Войти на БыковФМ через
Закрыть
Лекция
Литература

Клаустрофобия Антона Чехова

Дмитрий Быков
>250

Мне представляется, что в основе чеховского мировоззрения лежала клаустрофобия — боязнь замкнутого пространства, боязнь в том числе физиологическая. Она провоцировала… Это наиболее наглядно можно проследить, конечно, в «Моей жизни», отчасти это есть и в «Скучной истории». Помните, когда вот в «Моей жизни» (рассказ провинциала такой) описывается отец-архитектор — человек, который строит убогие, тесные дома, в которых душно. Образ отца у Чехова всегда связан с образом тесноты, духоты, дома. Посмотрите, как в «Припадке», как в «Именинах», в «Новой даче» — сколько там описаний замкнутых пространств, выкидышей вследствие духоты, страшных публичных домов с их плоскими крышами и духотой. Для Чехова дом никогда не был символом уюта. И напротив, прорыв, распад этих сцен — всегда счастье. У Чехова была даже не столько клаустрофобия, сколько, я рискну сказать, агорафилия — такая любовь к открытому пространству. Агорафилия наиболее ясно чувствуется у него в «Степи». «Степь» — это самый счастливый его текст. И помните, в «Степи» описание душного, тесного, страшного трактира? Может быть, антисемитизм Чехова, во многом мифический, держался на том, что для Чехова еврейская идея дома, семьи, сплоченности (это вынужденный такой ответ на агрессию внешнего мира), но это тесный и душный дом (кстати, такой же дом в рассказе «Жидовка») — ничего не поделаешь, это тоже пространство чудовищной несвободы и интеллектуальной духоты.

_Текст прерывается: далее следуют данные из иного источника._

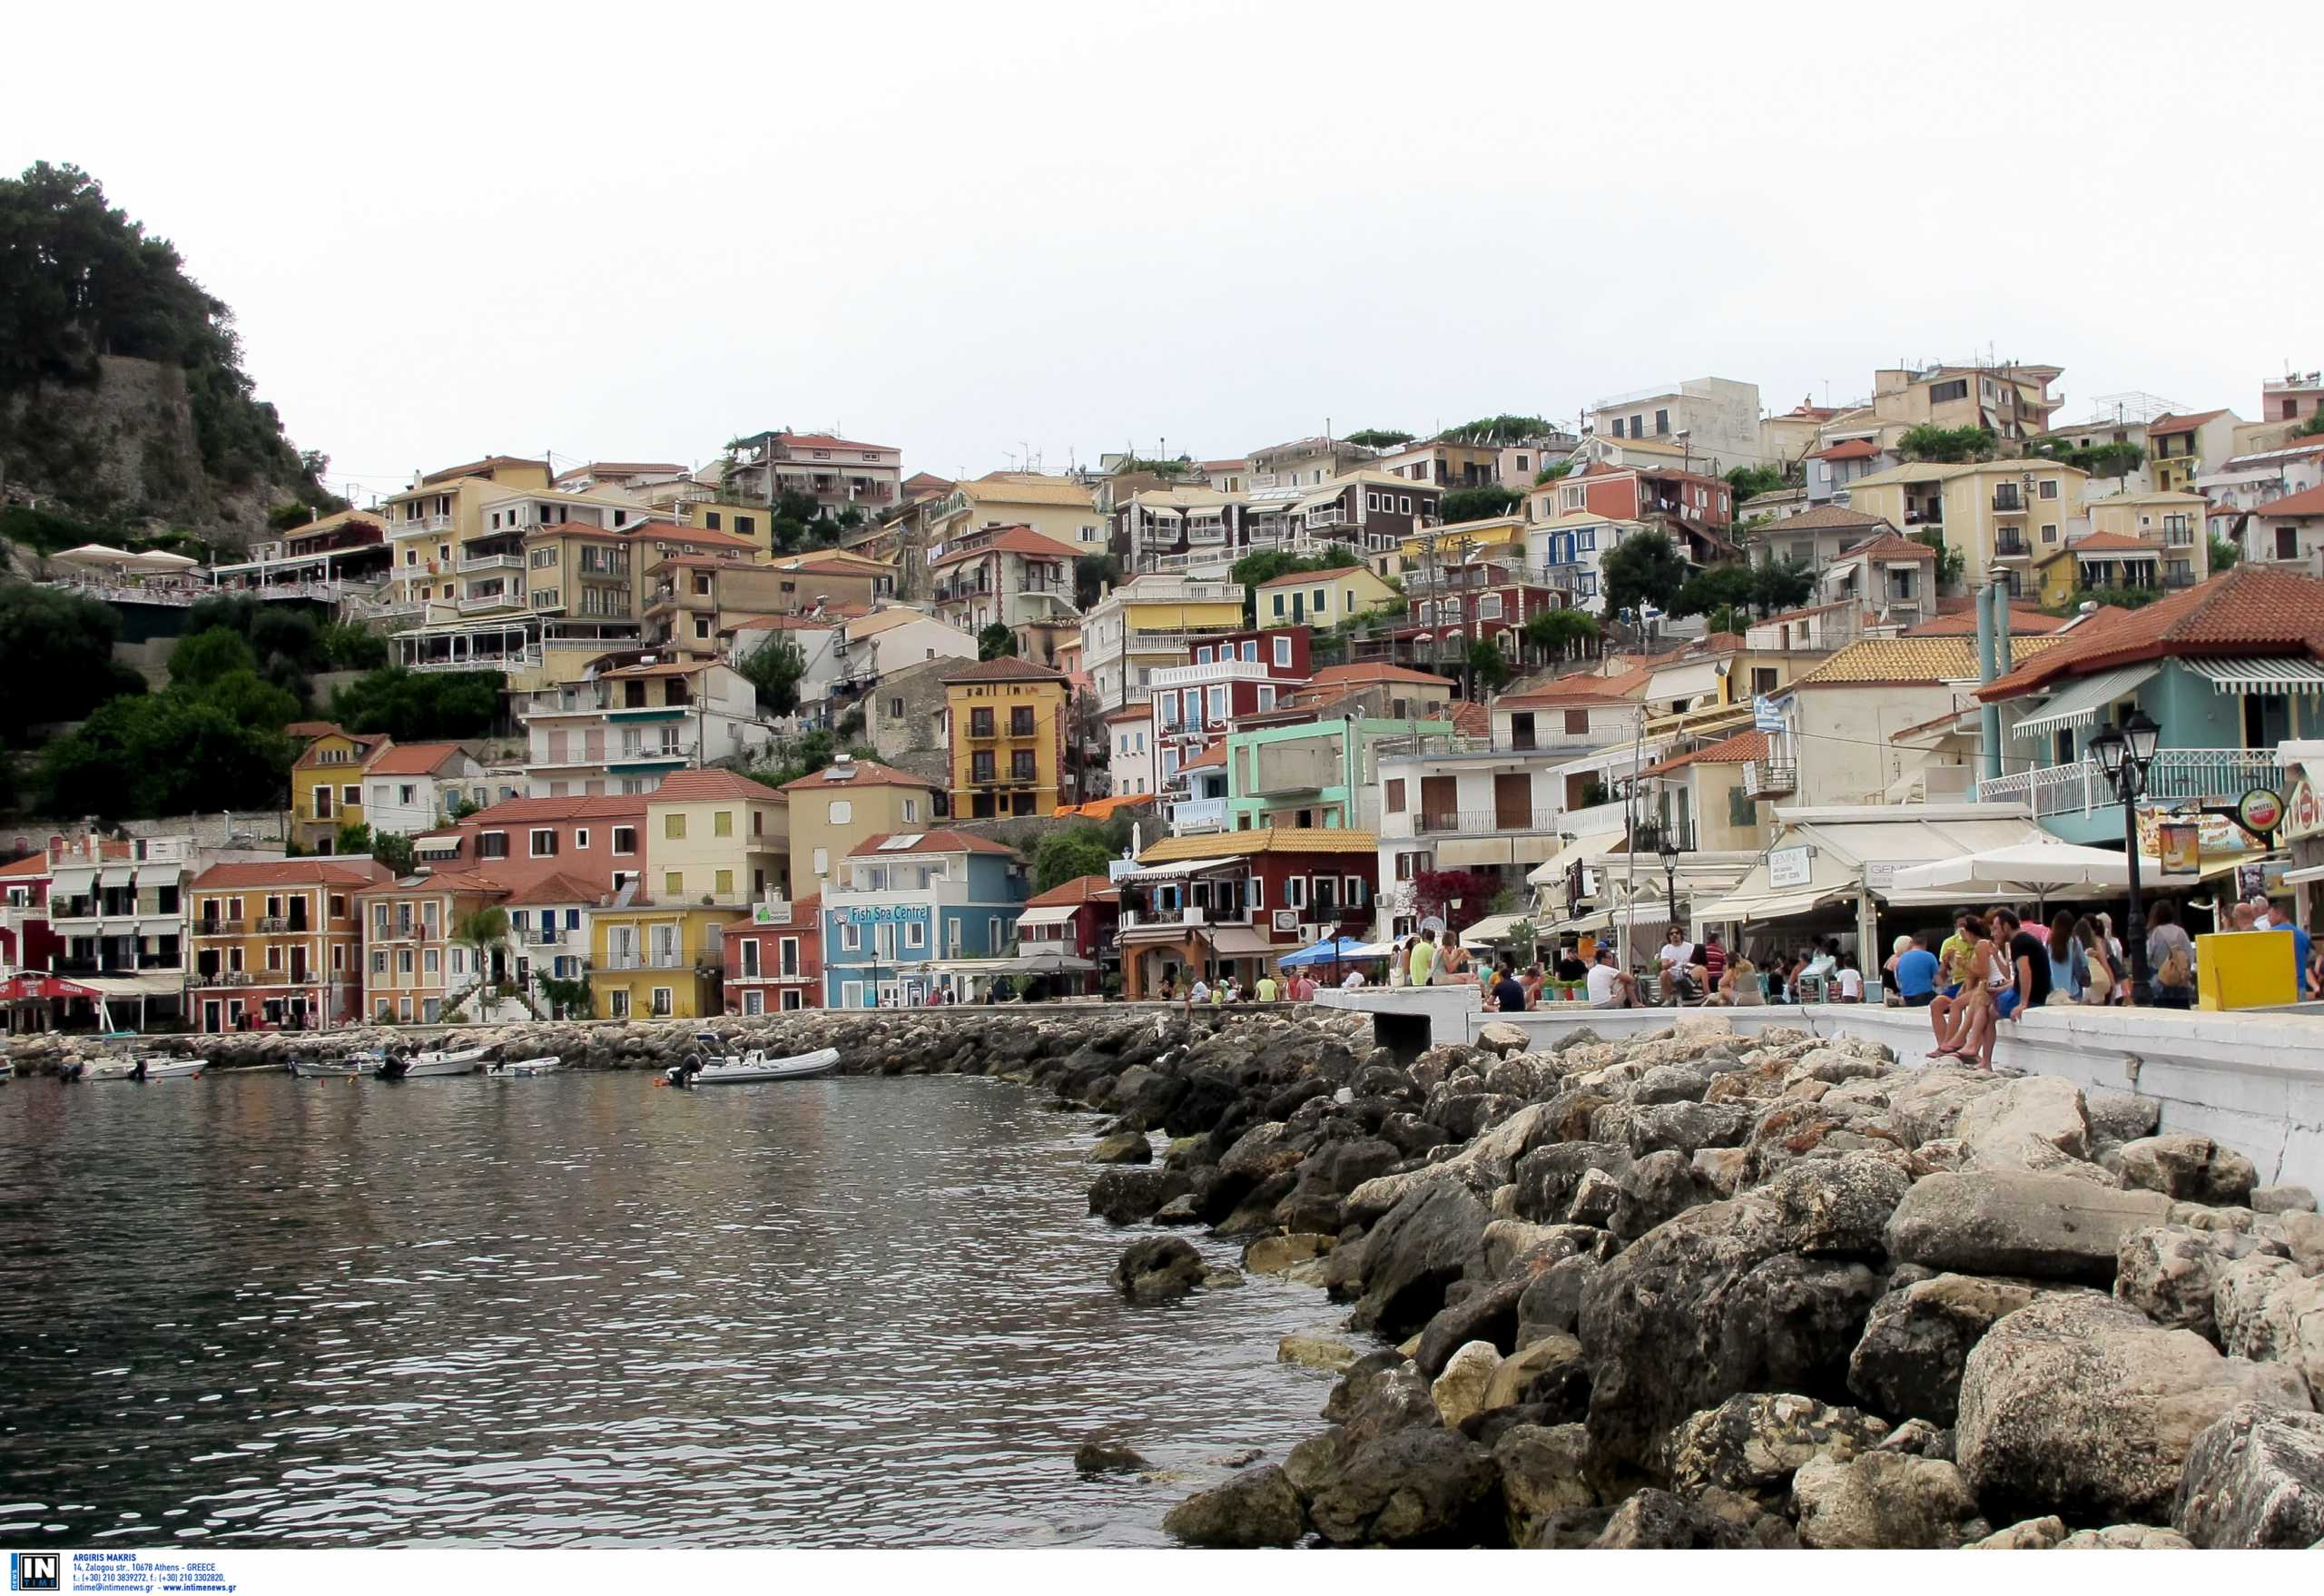 Η Πάργα στην κορυφή προτίμησης των Ελλήνων τουριστών

Для меня у Чехова главная тема в этой связи — это тема страха тюрьмы. Она была у него болезненно развита начиная с самых первых сочинений. Тема страха перед законом, тема зависимости. У Чехова — имеется в виду не рассказ «Жидовка», конечно, он назывался иначе, назывался он… У Чехова, понимаете, есть знаменитый совершенно комплекс писем, который беспрерывно цитируют, где слово «жидовка» действительно встречается довольно часто, история с Дуней Эфрос… Я не припомню сейчас точно, в каком рассказе идет у него конкретно речь вот об этой еврейской красавице, которая вымогает у героя вексель, но опять-таки я думаю, что Юра Плевако не оставит нас сейчас своим содействием. Но думаю, что еврейская тема как тема оседлости, замкнутости, до некоторой степени духоты напрямую связана у него именно с ощущением вот этой ограниченности, с ощущением какой-то непозволительной замкнутости. Вот тут, кстати, совершенно правильно на еврейском ресурсе, на который мне немедленно — спасибо — прислали ссылку, говорится, что тема губительного для личности отказа от своего становится стержнем образа полупомешанного Соломона в повести «Степь». Но Соломон — это немного другая история; там, правда, есть ещё и прекрасный чадолюбивый Моисей. По большому счету любые способы — и «Скрипка Ротшильда» тоже — любое скопидомство, накопительство, ограниченность, мне кажется, для Чехова дурные черты, вынужденные черты любой оседлости. И евреи в этом жребии не виноваты, но они, к сожалению, так или иначе возобновляются.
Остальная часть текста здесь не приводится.